I think the details of the rest depend hugely on self-hosted vs "legacy", so I feel like it would simplify greatly if we just decided now to assume self-hosted (or not?) - or we clearly fork the workarounds/docs into those two buckets so we don't confuse readers by chopping and changing.
Aside: One of the challenges here is that just about everything to do with install+upgrade changes if you assume a self-hosted+HA setup (it mostly simplifies everything because you can use rolling upgrades, and in-built k8s machinery). I feel that by continually postponing this setup we've actually made it harder for ourselves to reach that eventual goal, and I worry that we're just going to keep pushing the "real" setup back further while we work on perfecting irrelevant single-master upgrades :( I would rather we addressed the HA setup first, and then worked backwards to try to produce a single-host approximation if required (perhaps by packing duplicate jobs temporarily onto the single host), rather than trying to solve single-host and then somehow think that experience will help us with multi-host.
@mbert I have achieved the HA proposal by generating the certs manually for each node, and without deleting NodeRestriction
, I use haproxy+keepalived
as loadbalancer now, maybe lvs+keepalived
will be better, I will document the details in this weekend, hope to share with u.
FYI all, @mbert has started working on a great WIP guide for kubeadm HA manually that we'll add to the v1.9 kubeadm docs eventually: https://docs.google.com/document/d/1rEMFuHo3rBJfFapKBInjCqm2d7xGkXzh0FpFO0cRuqg/edit
Please take a look at the doc everyone, and provide your comments. We'll soon-ish convert this into markdown and send as a PR to kubernetes/website.

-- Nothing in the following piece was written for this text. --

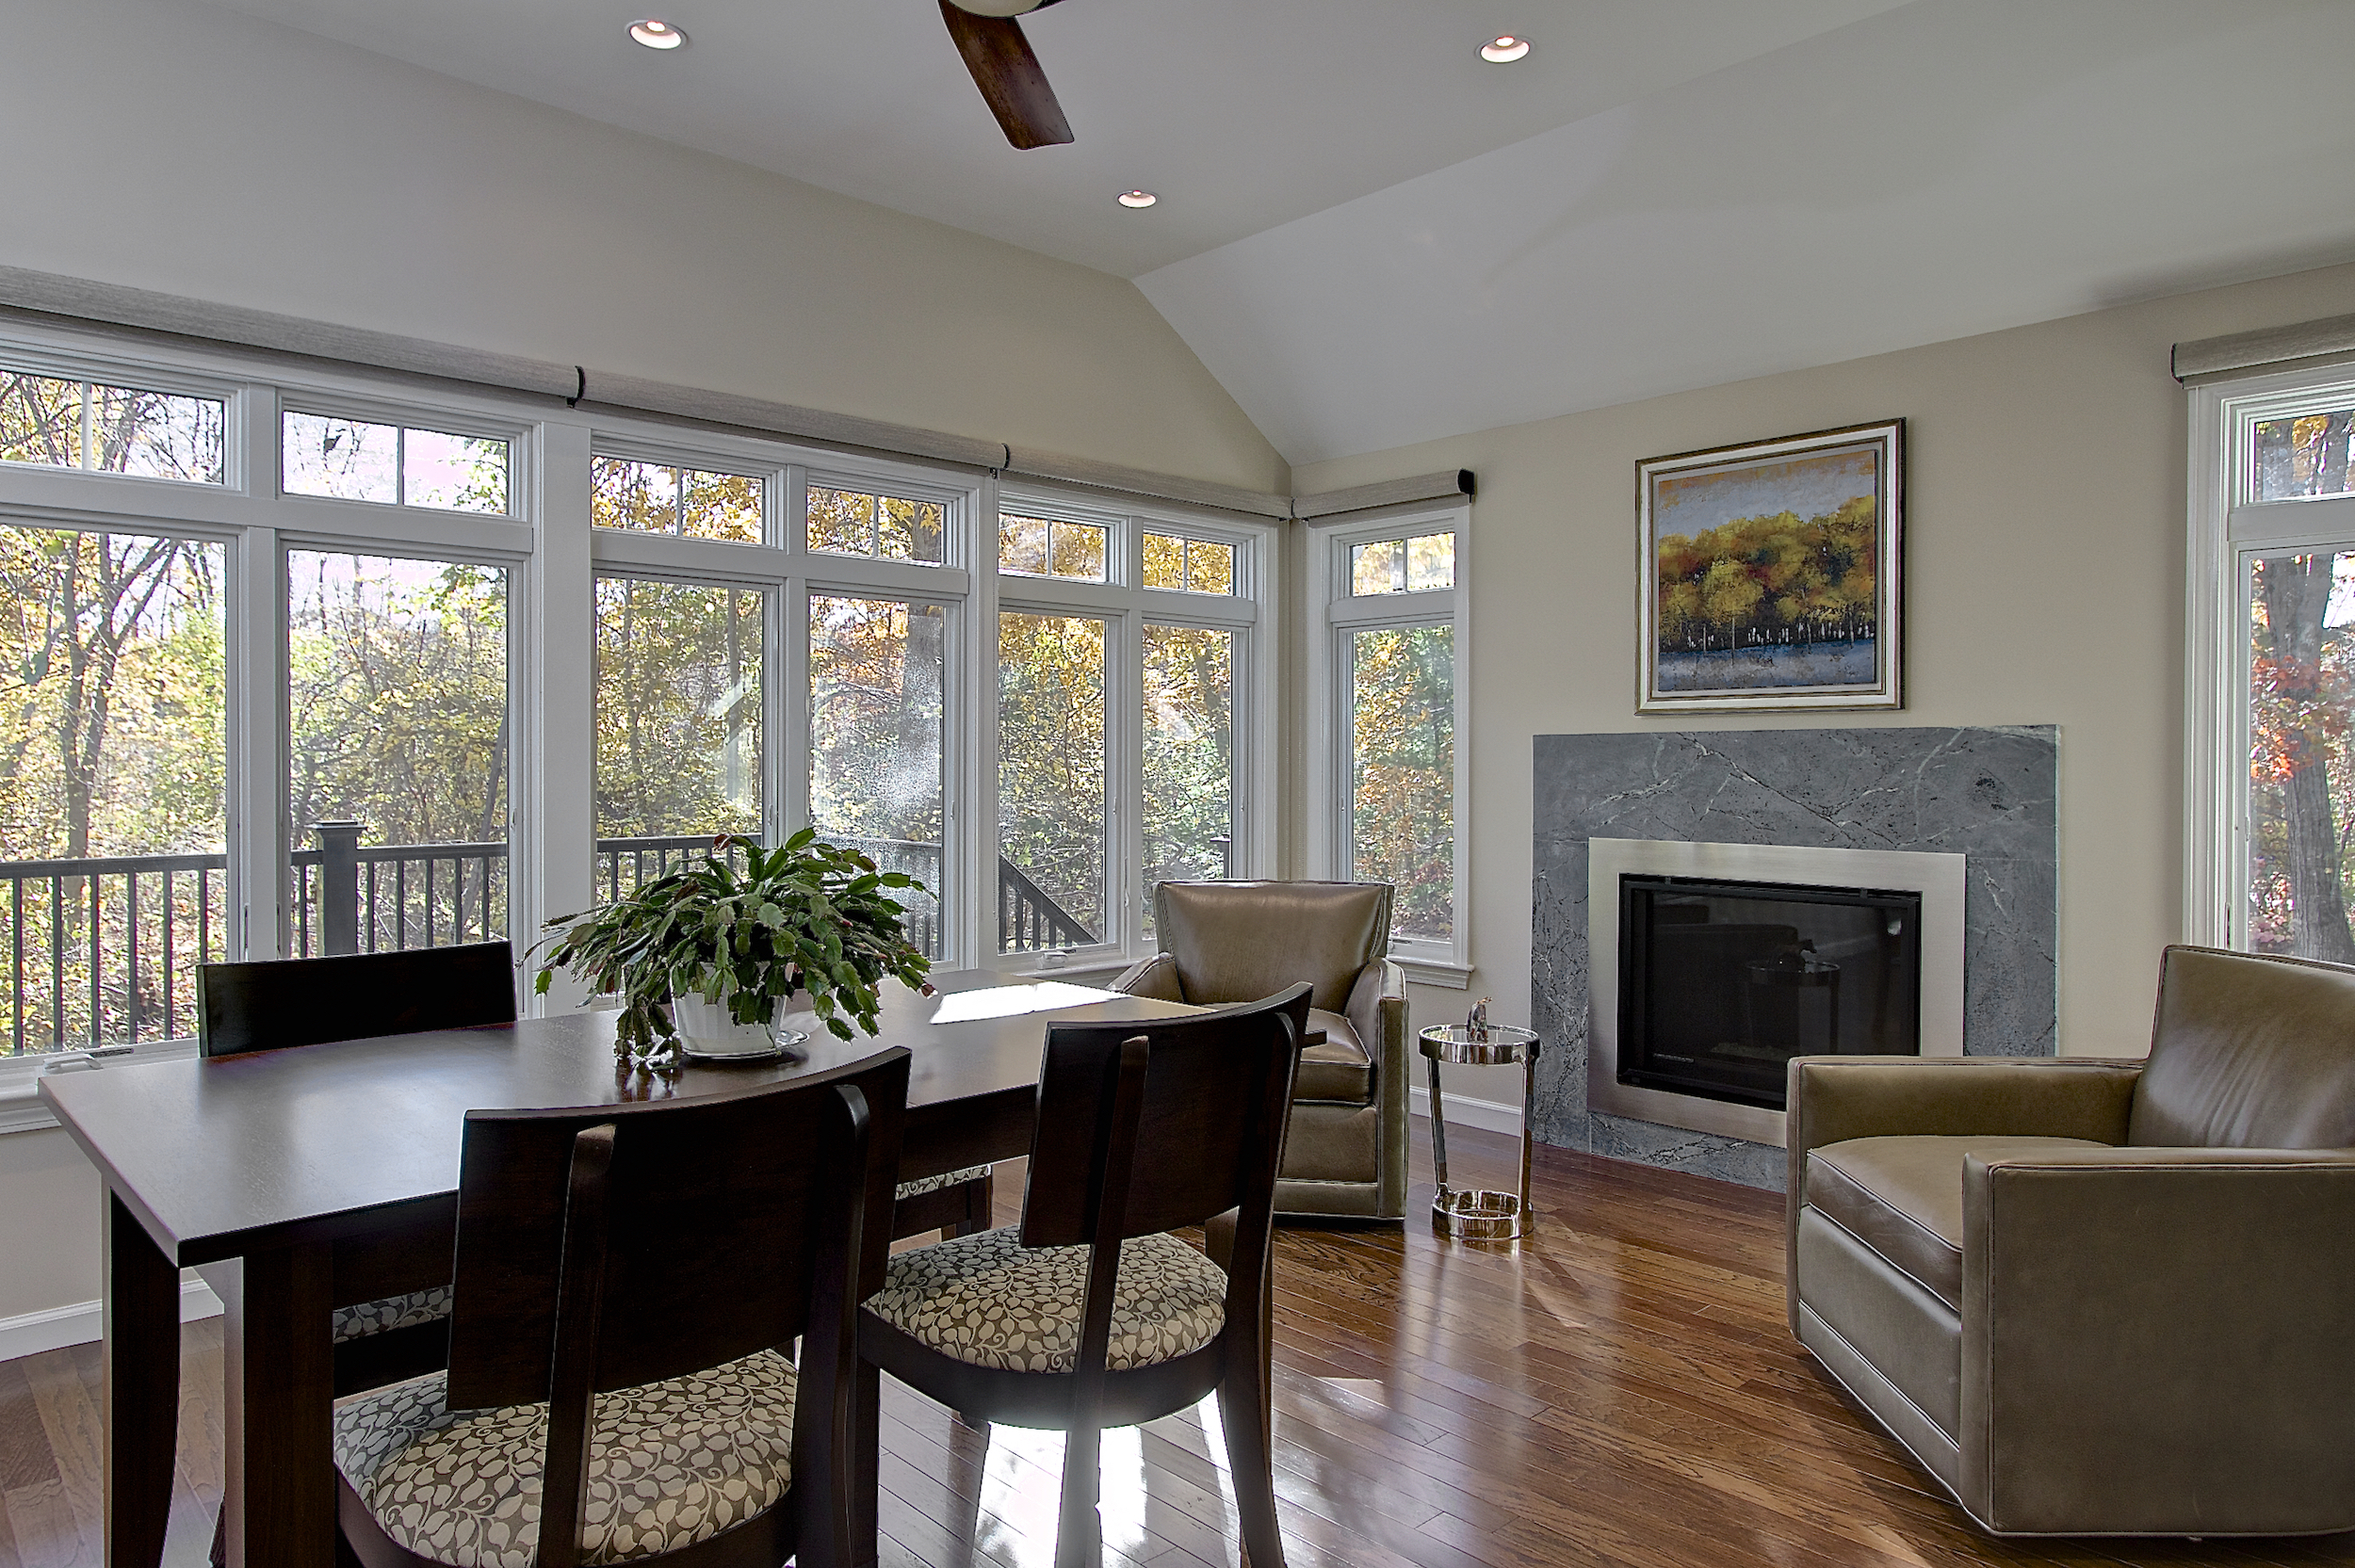 5-KitchenVisions-Other-Spaces-Sunroom-soapstone-gas-fireplace-Westwood.jpg
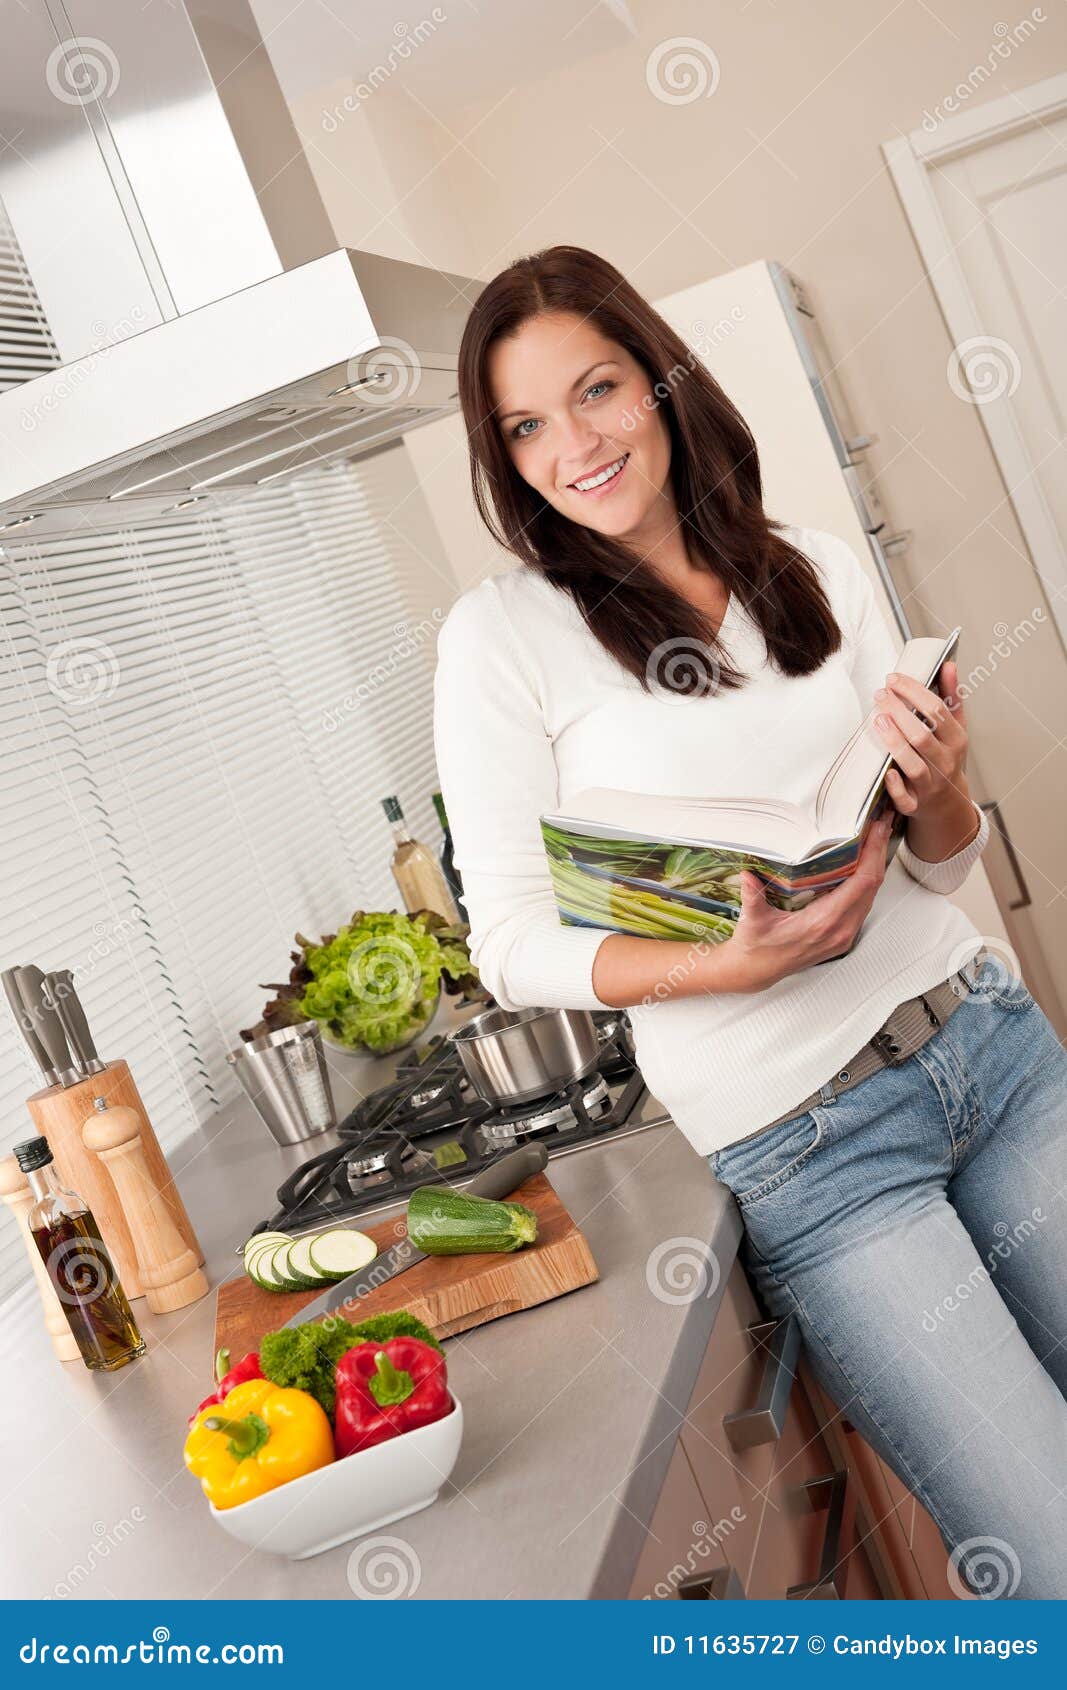 Young Woman Reading Cookbook In The Kitchen Royalty Free ...

Thank you @mbert and all the others that are active in thread, this will be a great collaboration!
@mbert / @luxas: that doc doesn't allow comments (for me at least :cry:)
Done, I had the wrong setting in the doc.
@mbert I have a question for you. Following your approach, assuming I have a functioning HA k8s cluster. Do you know how to add new k8s masters to my existing cluster? The issue I am facing now is the certs that were generated based on the FIXED number of k8s master hosts at the time the cluster was bootstrapped. This now prevents any new master to join the cluster. From the kubelet's log of the new master, you would see something like this: "... x509: certificate is valid for 192.168.1.x, 192.168.1.y,192.168.1.z not 192.168.1.n." ( where .x,.y,.z are the IP address of the current masters, and .n is the address of the new master). Do you know how to resolve this issue? Do the master nodes must use the same certificates in this case?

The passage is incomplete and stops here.